At birth, the first words we often hear are, “She’s healthy,” or “Everything’s normal.” If something falls outside the expected range, anxiety quickly sets in, for parents and medical professionals alike. Of course, we all want children to be healthy and well. But as a child grows, any deviation from the norm is met with unease, curiosity, or social exclusion.

Pop culture is filled with songs and stories about the deep longing to fit in and be normal. Parents often feel helpless when their child doesn't align with the textbook definition of typical. The whispered plea “Why can’t you just be normal?” echoes in many homes and hearts. People try to suppress their sensitivities and reshape themselves to appease a world that values conformity. The cost? An aching disconnection from the truth of who they are.

We are told there is safety in numbers, so we try to mould ourselves into the shapes others adopt. But it never quite fits. That shape was never truly ours. We bend and contort to fit in, but the sense of not belonging lingers. Worse still, we carry the weight of having betrayed ourselves, hiding who we really are for fear of judgment or rejection. We feel different — like impostors, and wonder if we’re the problem. We look at others who seem to ‘have it together’ and think, Why can’t I be like them? Why can’t I just be normal?

But have you ever paused to ask: What is normal, really?

Is it simply what most people do? A statistical average?

Is it what society accepts because it’s common — or just familiar?
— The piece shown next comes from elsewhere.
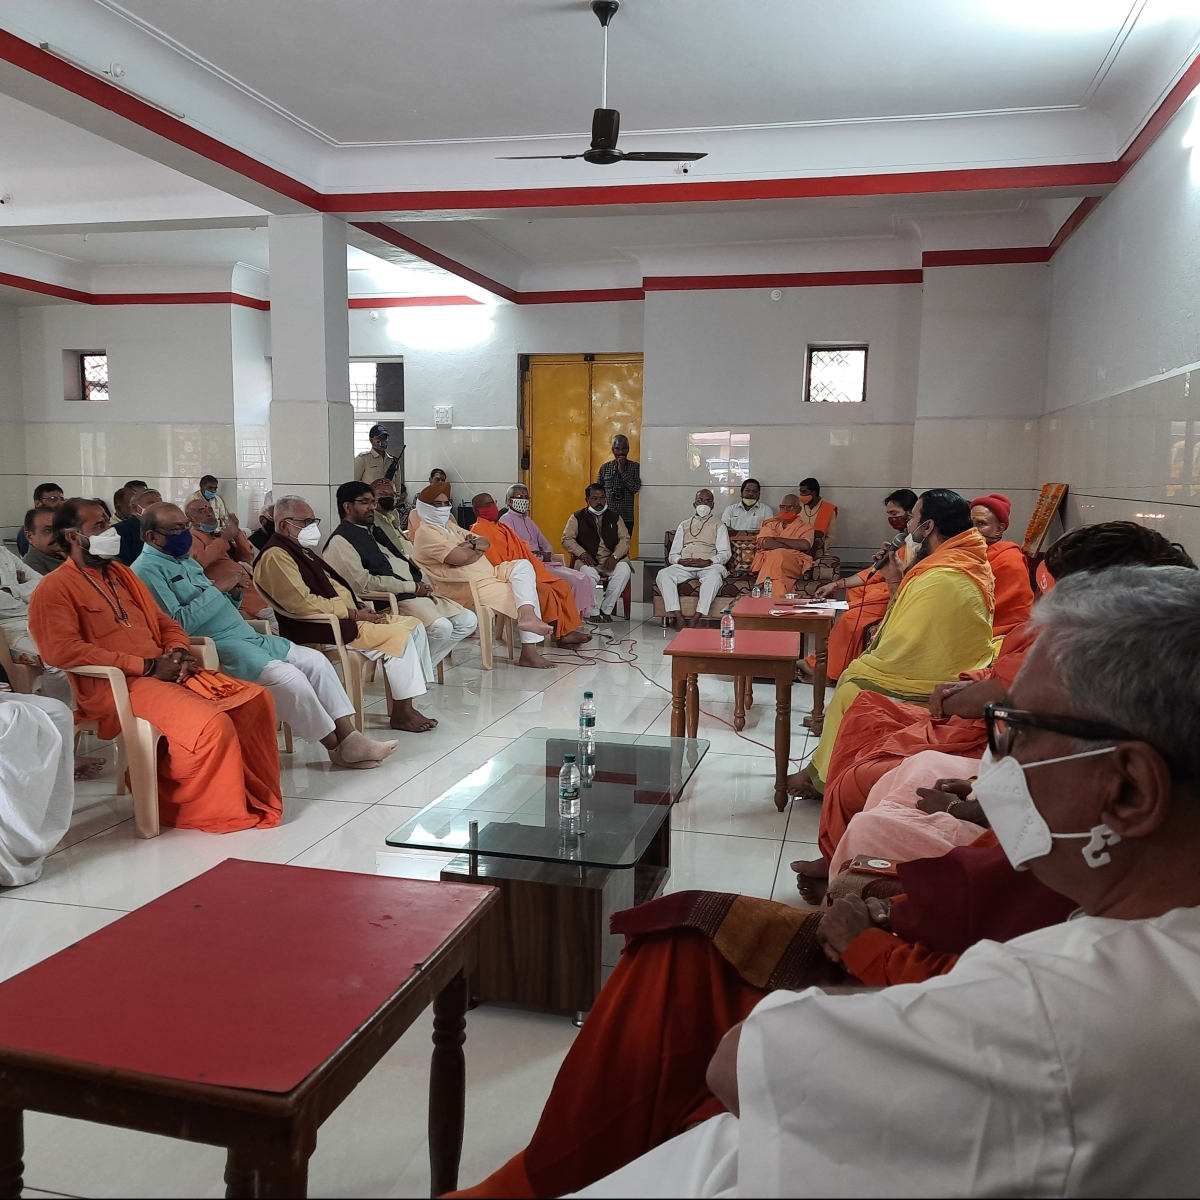 Ujjain: 'Govt has converted Mahakal Temple into commercial venture'

Consider what was once ‘normal’:

  • Prescribing cigarettes for stress
  • Public executions
  • Child experimentation in the name of science
  • Sending young men to war as a rite of passage

Looking back, we’re appalled now, but at the time, these norms were widely accepted. This is the power of the collective group force: to silence deviation and demand compliance, often at the cost of truth and well-being.

And right now, this is what’s considered normal:

  • Spending 6+ hours a day on screens
  • Children with high levels of social anxiety
  • Adults and children alike experiencing chronic anxiety, depression, or suicidal thoughts
  • Taking mental health days because the workplace is overwhelming
  • Regular alcohol consumption, vaping, or using recreational drugs
  • Relying on caffeine to wake up and alcohol to wind down
  • Yelling at our children and each other
  • Bullying in the workplace and high levels of office politics
  • High rates of co-morbidity and chronic illness
  • Dementia being expected with ageing

One study even found that ‘normal’ children today report more anxiety than child psychiatric patients in the 1950s.[1]
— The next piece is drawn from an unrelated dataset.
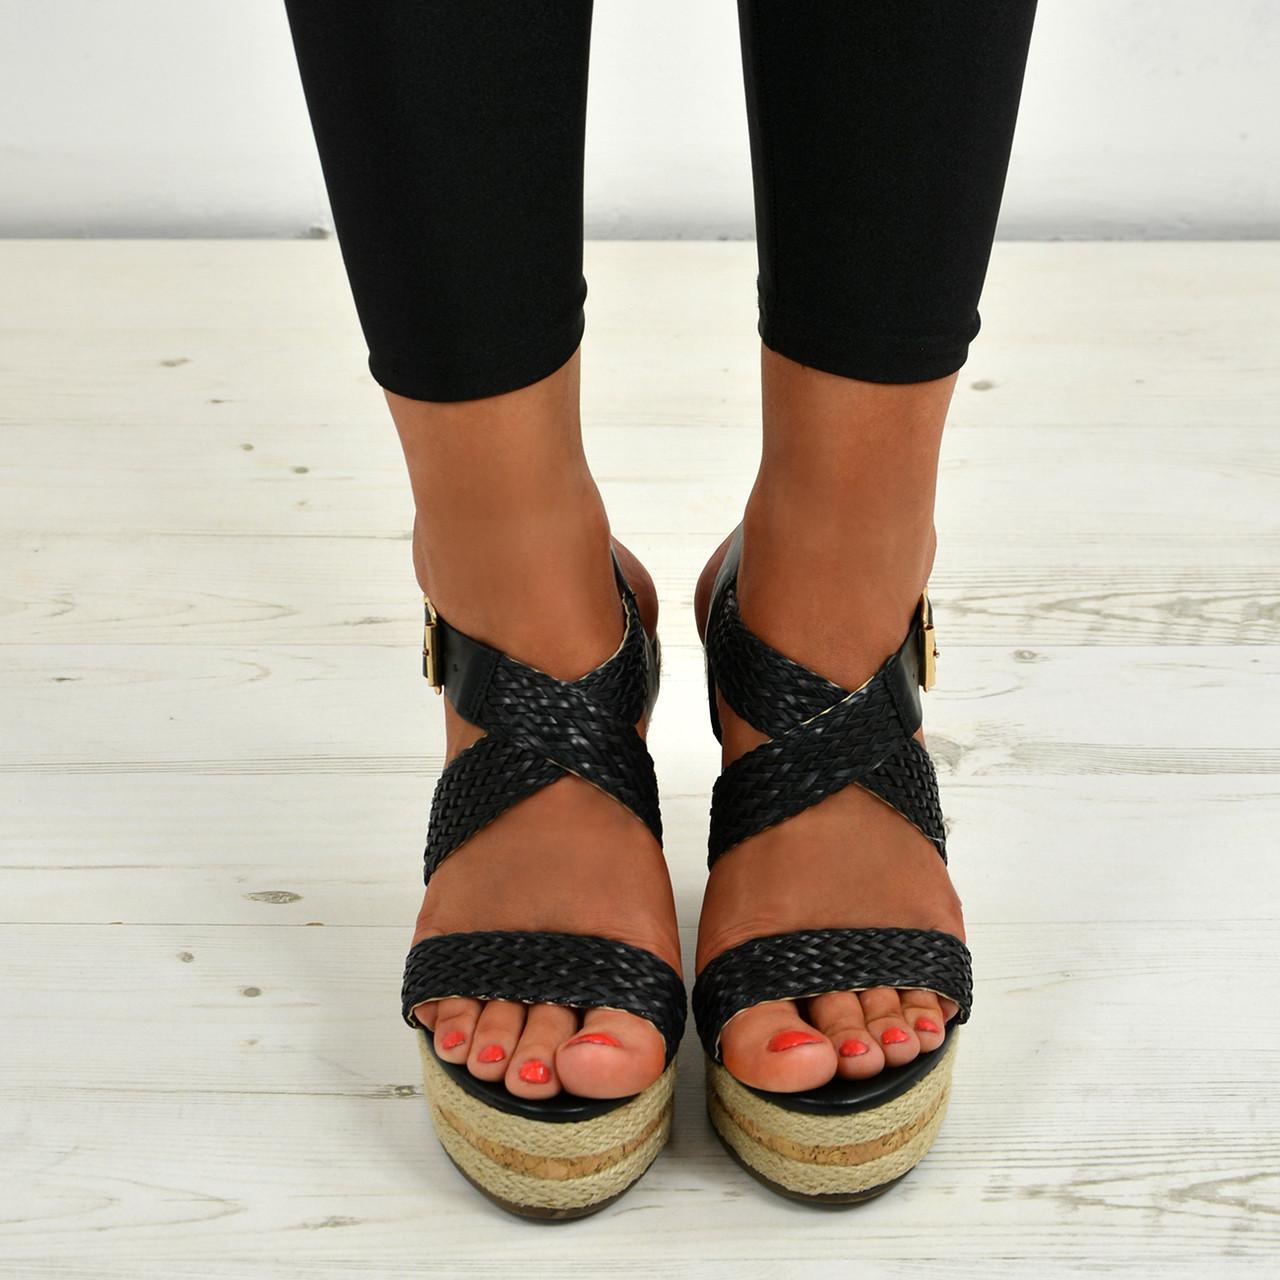 88c0569896e7 Ladies Womens Cork Wedge Sandals Platform Ankle Strap Braids Summer Shoes  Sizes

So, is it truly wise to follow the crowd? To base our choices on what’s ‘normal’ in a society that often contradicts our body’s innate wisdom?

The irony is that even when we manage to conform, to do everything right via what is demanded from us by the group force, many of us still don’t feel like we belong. Why? Because deep down, we’ve abandoned what’s true for us.

If you asked your lungs whether they wanted to inhale cigarette smoke, they’d say no.

If you asked your nervous system whether anxiety feels normal, it would likely say you are crazy to think that this is normal. Just because it’s like this all the time doesn’t make it normal.

If you asked your heart whether fast food and soft drinks support it, it might just laugh.

When we use external measures to define what’s normal, we often engage in behaviours that are harmful, not only to our bodies, but also to everyone around us. You then swim with the fish and become a part of the whirlpool that defines what is normal in the first place, rather than standing out to inspire others to do so as well.

“If you live a lie long enough, it becomes your reality. However, no matter how much you choose to believe it, no matter how many live the lie with you, or how forcefully the lie may be disseminated, it does not change the fact that it is a lie. And, know this – Your body cannot be lied to. It is Universally responsive to discard what is not true to that which it belongs to, the Universe.”

Serge Benhayon Esoteric Teachings & Revelations Volume II, ed 1, p 535

When we begin to truly listen to the body – to its messages, its sensitivities, its intelligence – we start to define what is truly normal. Not the norm created by culture, convenience, or conditioning, but the normal that comes from within. One that honours the body’s rhythm, respects its limits, and supports its divine natural harmony.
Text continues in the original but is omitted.